The Ferguson Effect: USC to Vote on ‘Diversity’ Resolution

The “Ferguson effect” appears to be spreading from the University of Missouri to other campuses. On Tuesday, the University of Southern California’s student government will vote on a controversial campus resolution urging $100 million be spent on mandatory diversity classes to create an “inclusion climate” on campus.

In Missouri today, the president and chancellor of the University of Missouri’s flagship campus in Columbia resigned within mere hours of each other after the president, Tim Wolfe, was accused of having “white privilege.” by black student groups.

The protests, fueled by the Black Lives Matter movement, are described as stemming originally from outrage over the shooting of black teenager Michael Brown by a police officer in Ferguson, Missouri last year. Though protestors at the time claimed Brown had raised his hands in surrender and said, “Don’t shoot,” subsequent forensic investigation and a Department of Justice inquiry refuted that story and confirmed that he had attacked the officer.

Protests were fueled by several reported racial incidents on campus. Demonstrators complained that Wolfe had not been quick enough to react–and Wolfe, apparently, agreed. One critic described Wolfe’s capitulation as an elder generation of liberals realizing “they must be sacrificed on the pagan altar of the New.”

The tense atmosphere of Missouri was in evidence at the most recent USC student government meeting on the diversity resolution, where, students were shouting “impeach now” at student Senator Jacob Ellenhorn and others who are opposed to it.

Tuesday’s vote at USC will seek to establish a scholarship fund to help “underrepresented” groups be better recognized by creating a slew of diversity classes on queer and race theory; requiring diversity training courses for students and faculty; and hiring a new dean of diversity. The vote was originally supposed to take place on October 27 but was delayed to November 10 due to the emotionally-charged atmosphere at the meeting. The resolution has also been rewritten to reflect a series of complaints that were made against it by students who are opposed to it. 

One of the changes states that the $100 million will not come from tuition increases, which was a major point of concern for many of the resolution’s opponents. (USC has hiked tuition by $2,000 annually this year alone.) The resolution now states “BE IT FURTHER RESOLVED, the University of Southern California will implement the measures listed above, contingent on the necessary funds being supplied without raising student tuition or through the application of additional student fees.” It is not clear how the funds will be raised, however.

Breitbart News spoke with several students on campus recently who were both in favor of and opposed to the resolution. Graduate chemical engineering student Brian Moore said he is fine with the resolution as long as the $100 million is not coming from student tuition. He added that he thinks it is “unfair” to pass the resolution, however: “I don’t think many people know about it.”

It is likely the resolution will pass. 

This Saturday at a tailgate event, prior to a USC football game, students were reportedly protesting in favor of the diversity resolution–and against the university administration. One sign, reading “put your money where your mouth is,” was apparently directed at the school’s President, C.L. Max Nikias.

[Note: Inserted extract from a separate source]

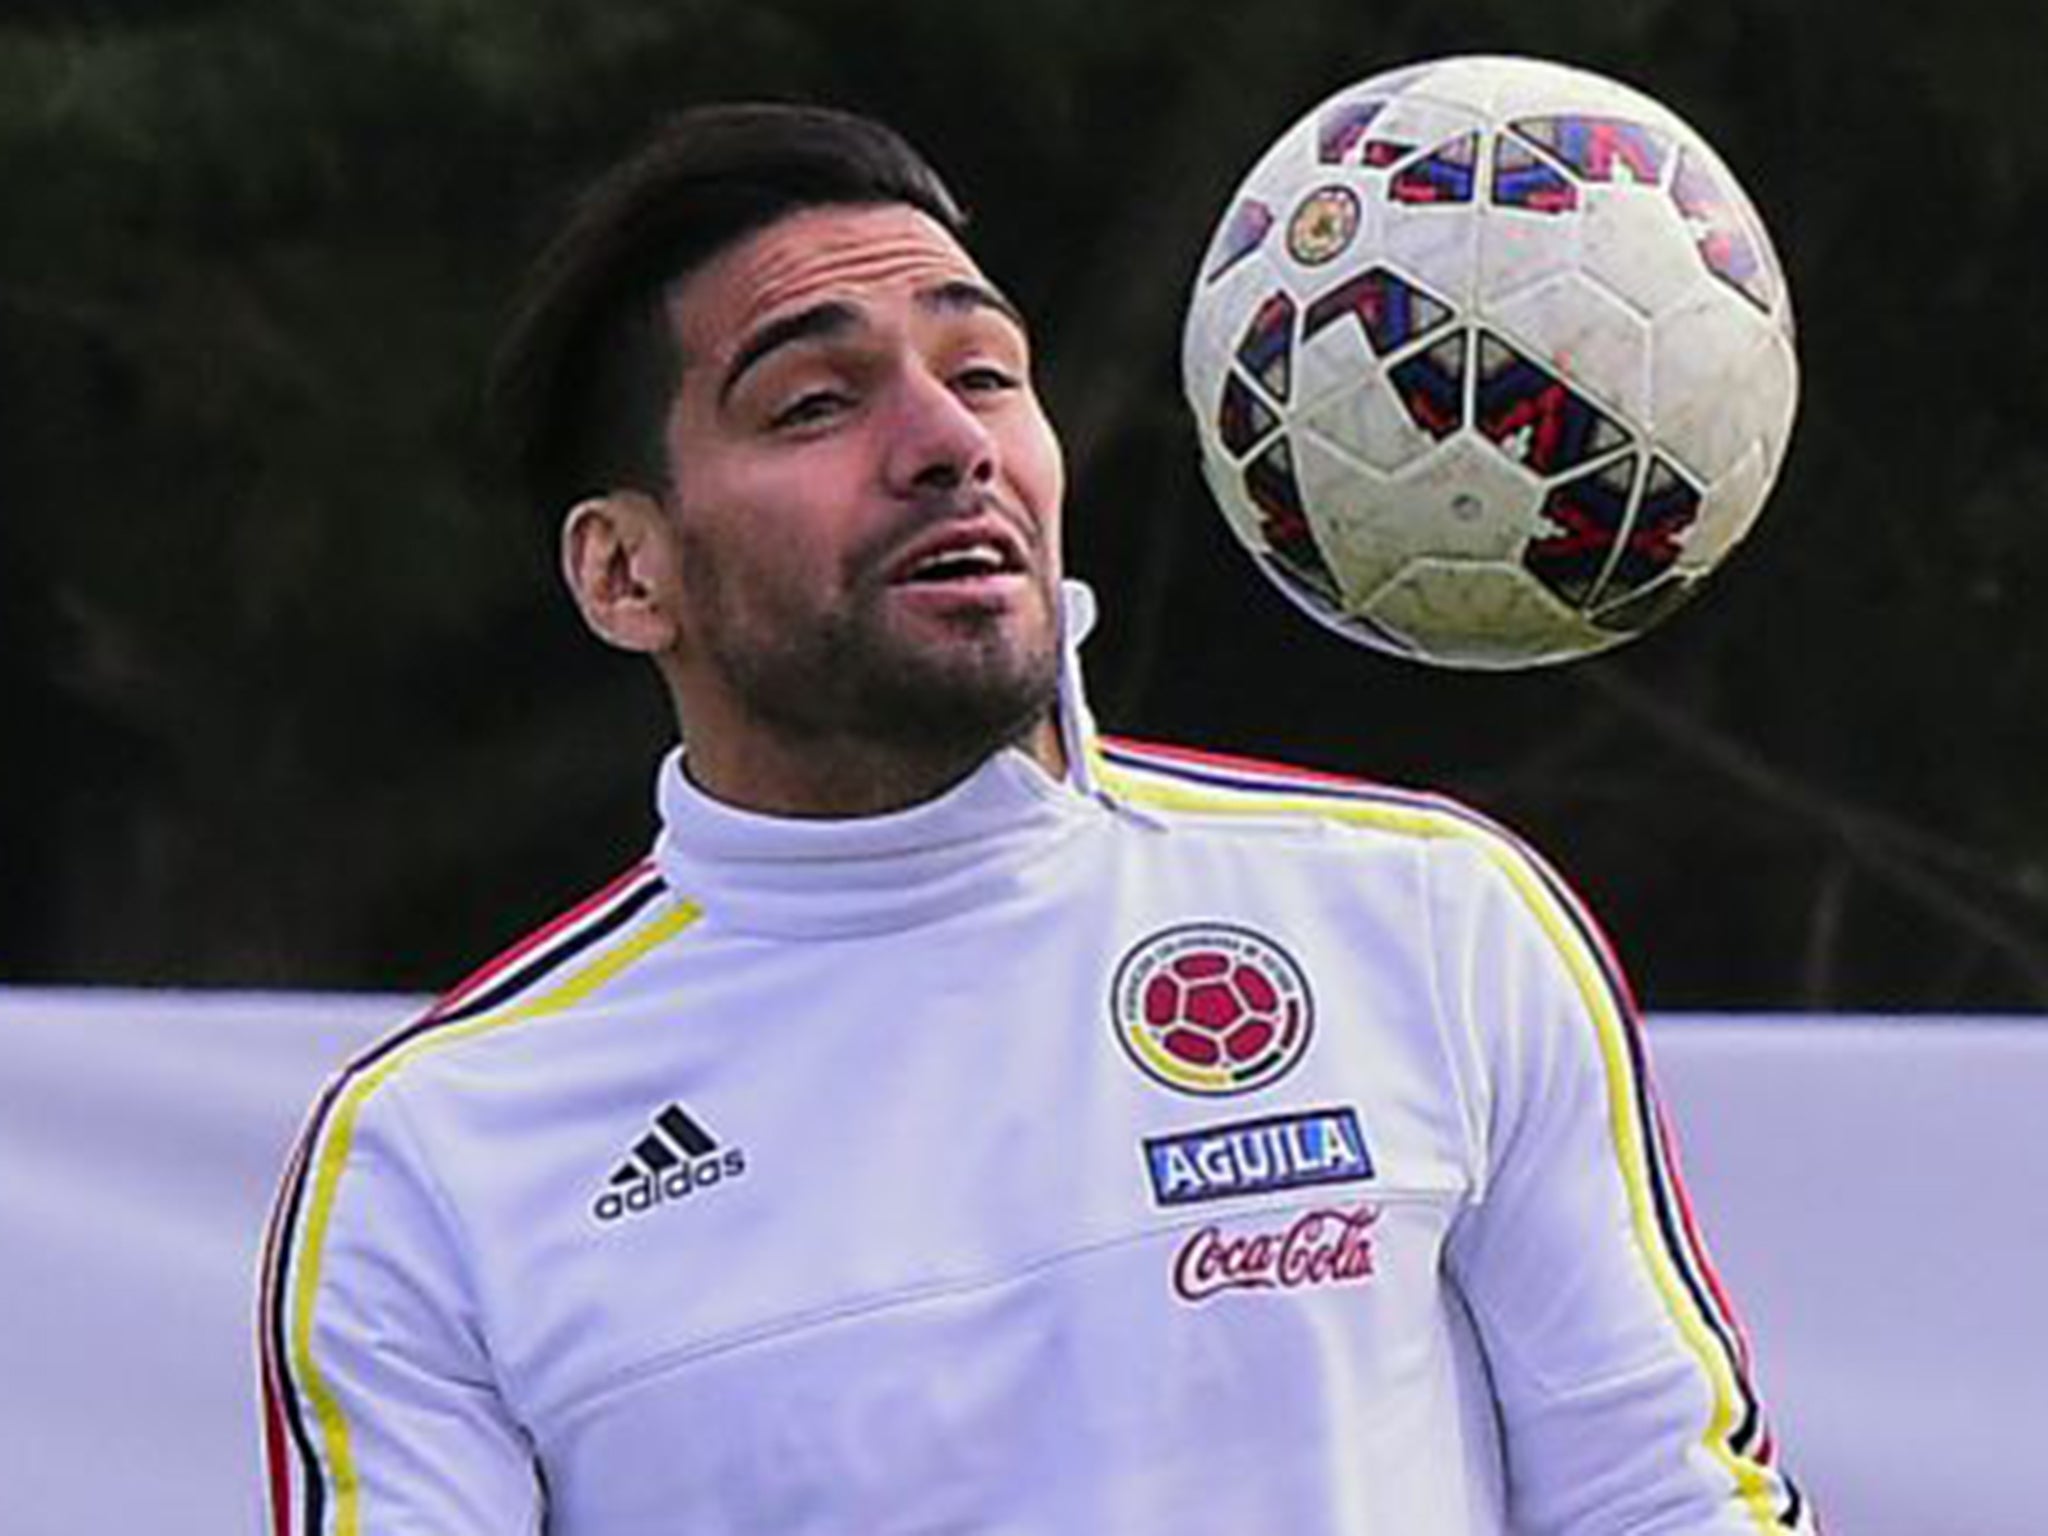 Colombia coach Jose Pekerman has kept faith with his out-of-form striker Radamel Falcao until now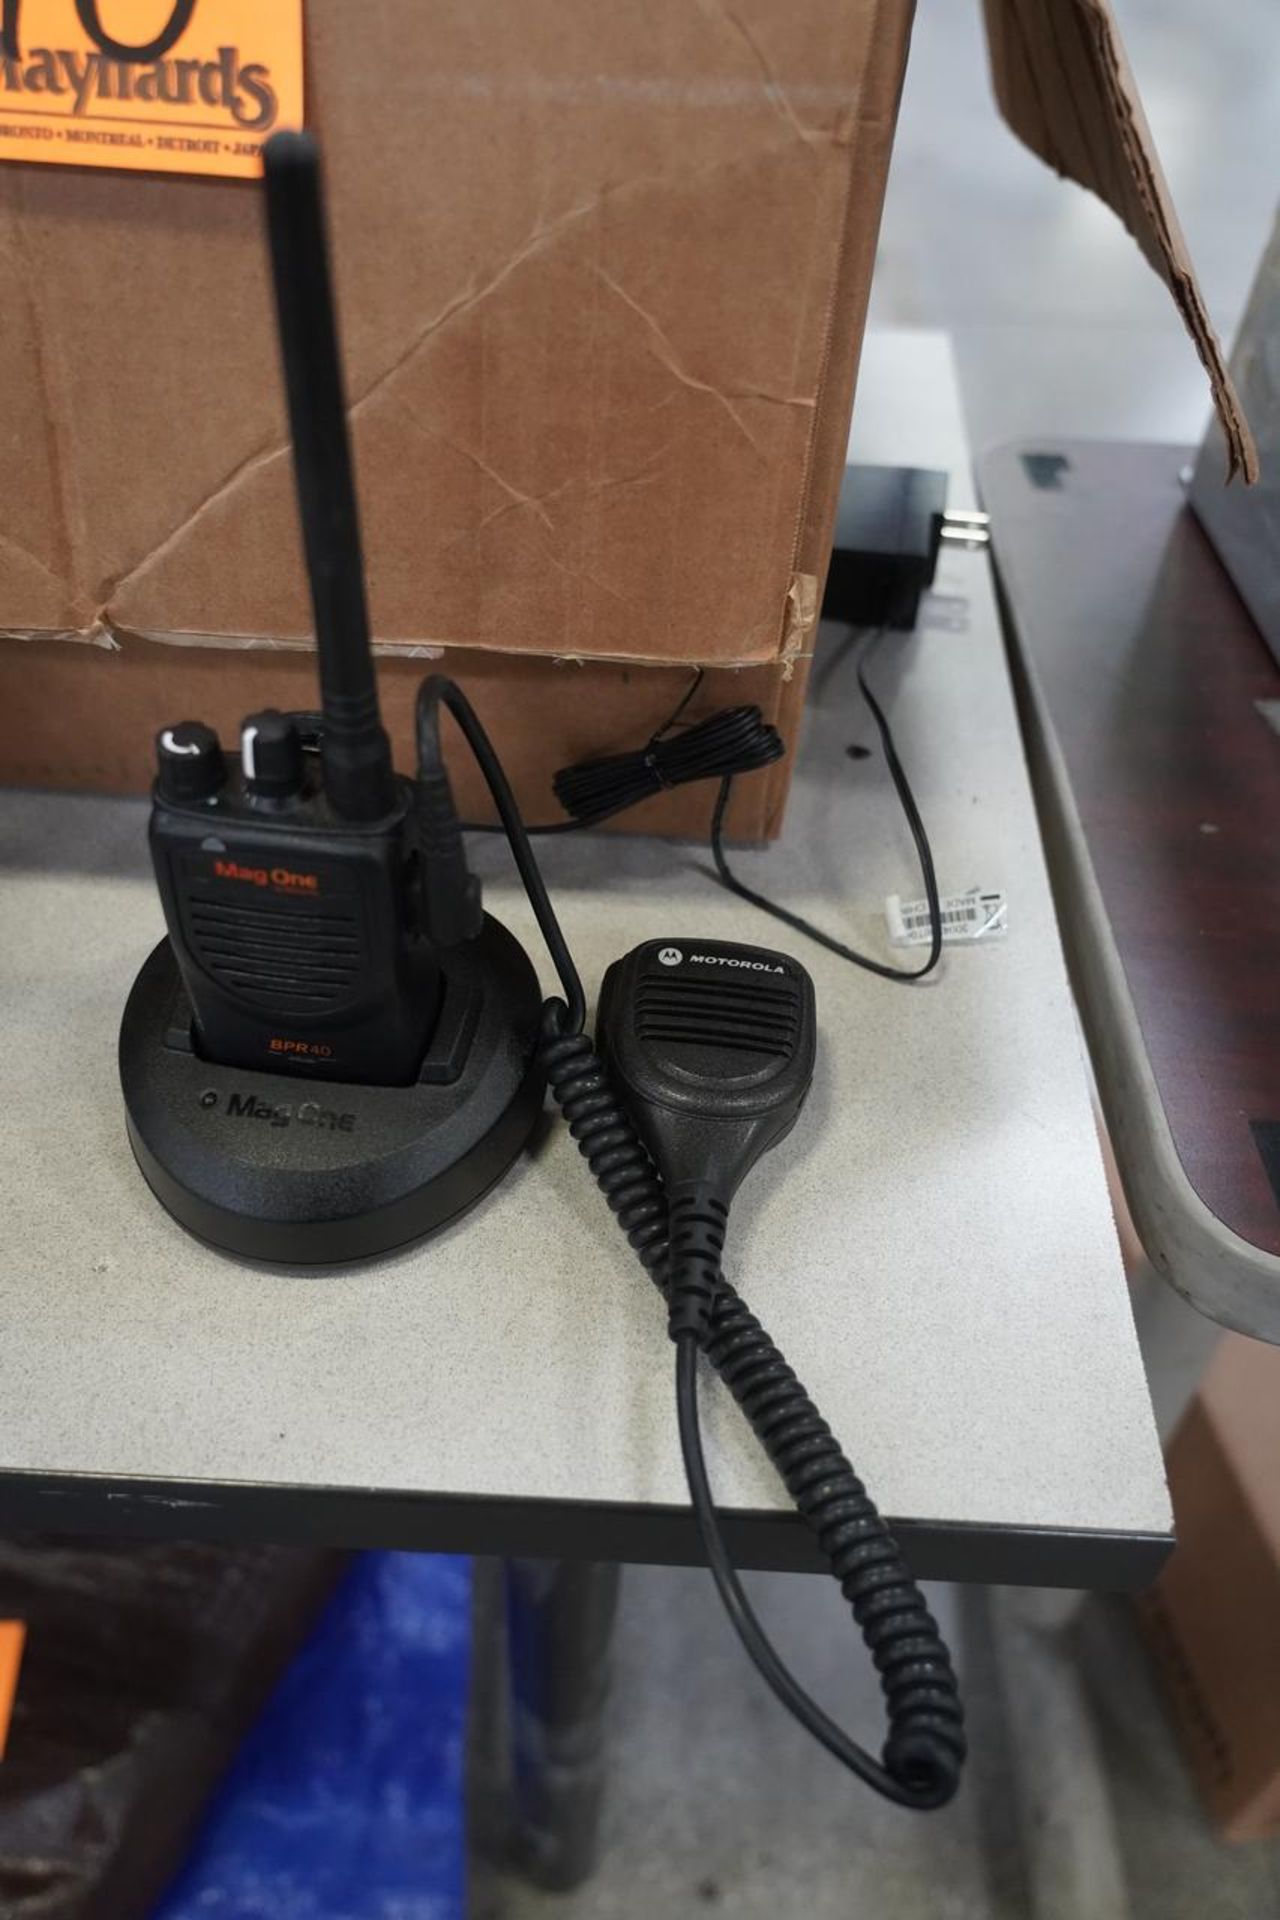 Motorola Mag One - BPR 40 Walkie Talkies and Battery Chargers - Image 4 of 4

Ellenhorn told Breitbart News that he held a meeting last Tuesday, along with all of the other class senators and authors of the resolution, to discuss concerns before it was rewritten. He said when he expressed his concerns, including over the creation of diversity classes at the school, he was chastised.

They told me that my concerns were illegitimate and that they were just fear mongering because the resolution doesn’t say anything about money coming from tuition. And then they told me that I was being disrespectful for questioning the authors of the resolution because they have experience with that.

The vote will take place at 7 p.m. in the campus’s Ronald Tutor Center.